WORK REQUIRED |
Could you reproduce every record below exactly, excluding all pictures?

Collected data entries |
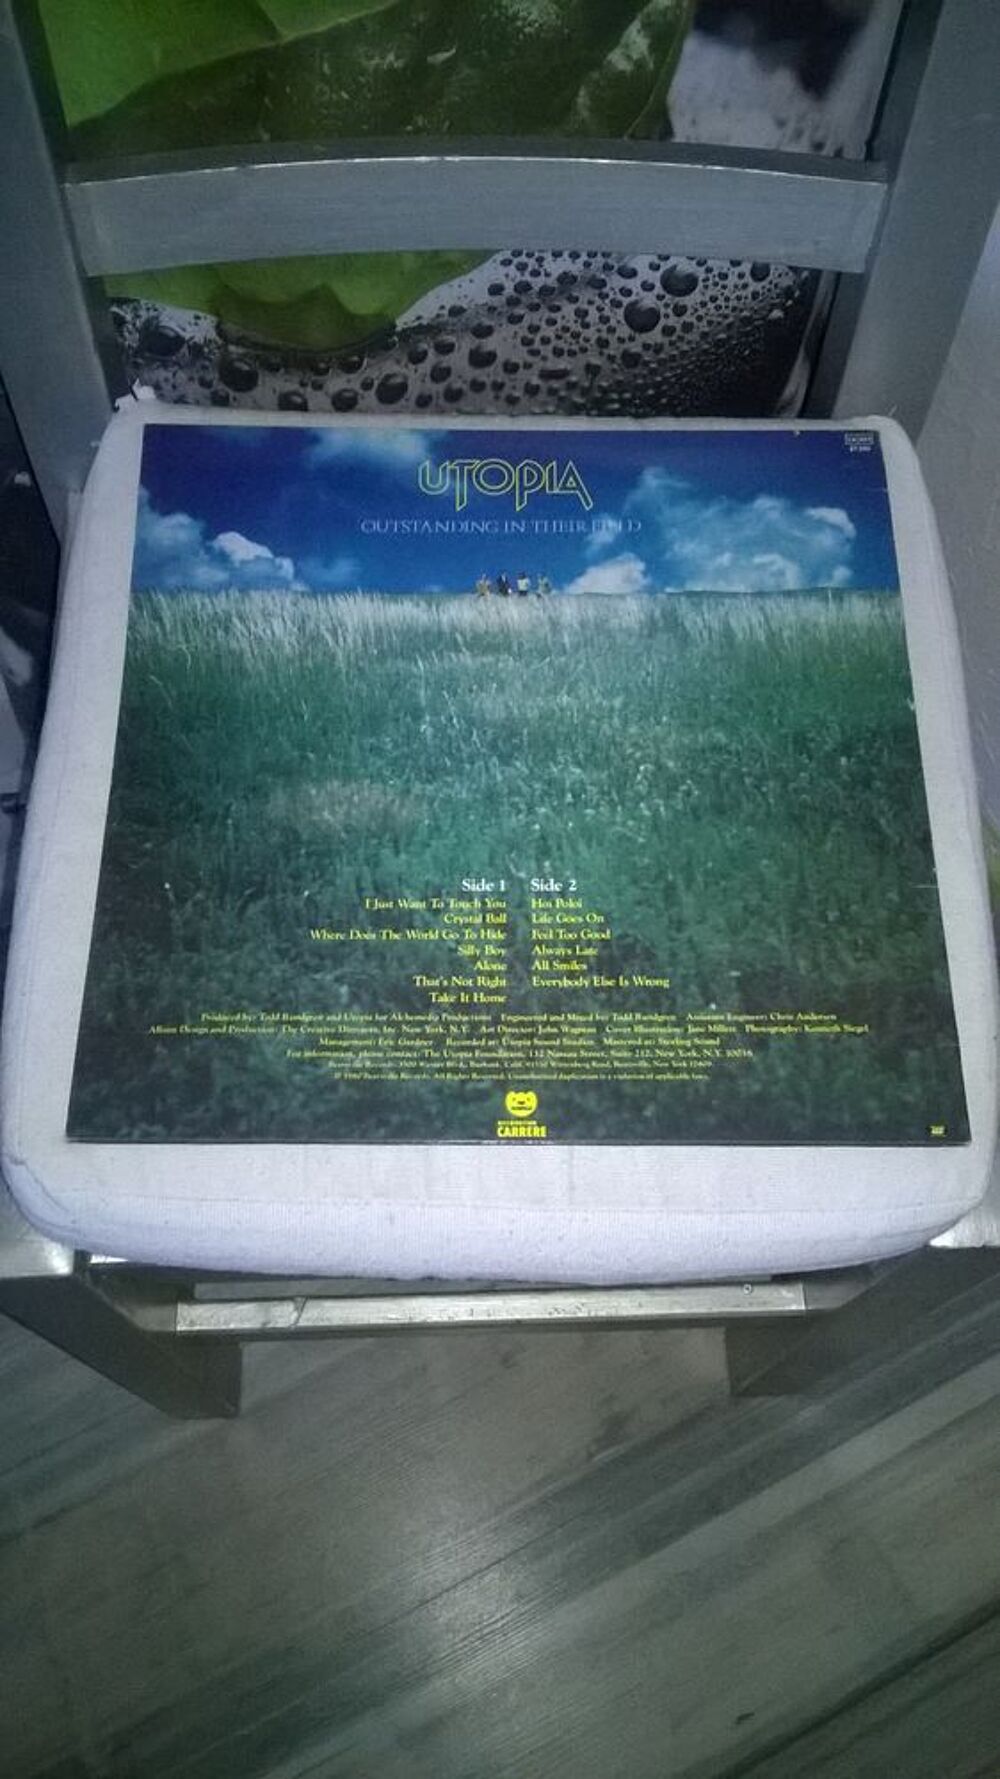 Vinyle Utopia
Deface The Music
1980
Excellent etat
I Jus CD et vinyles

EXERCISE ANSWER |
 Vinyle Utopia
Deface The Music
1980
Excellent etat
I Jus CD et vinyles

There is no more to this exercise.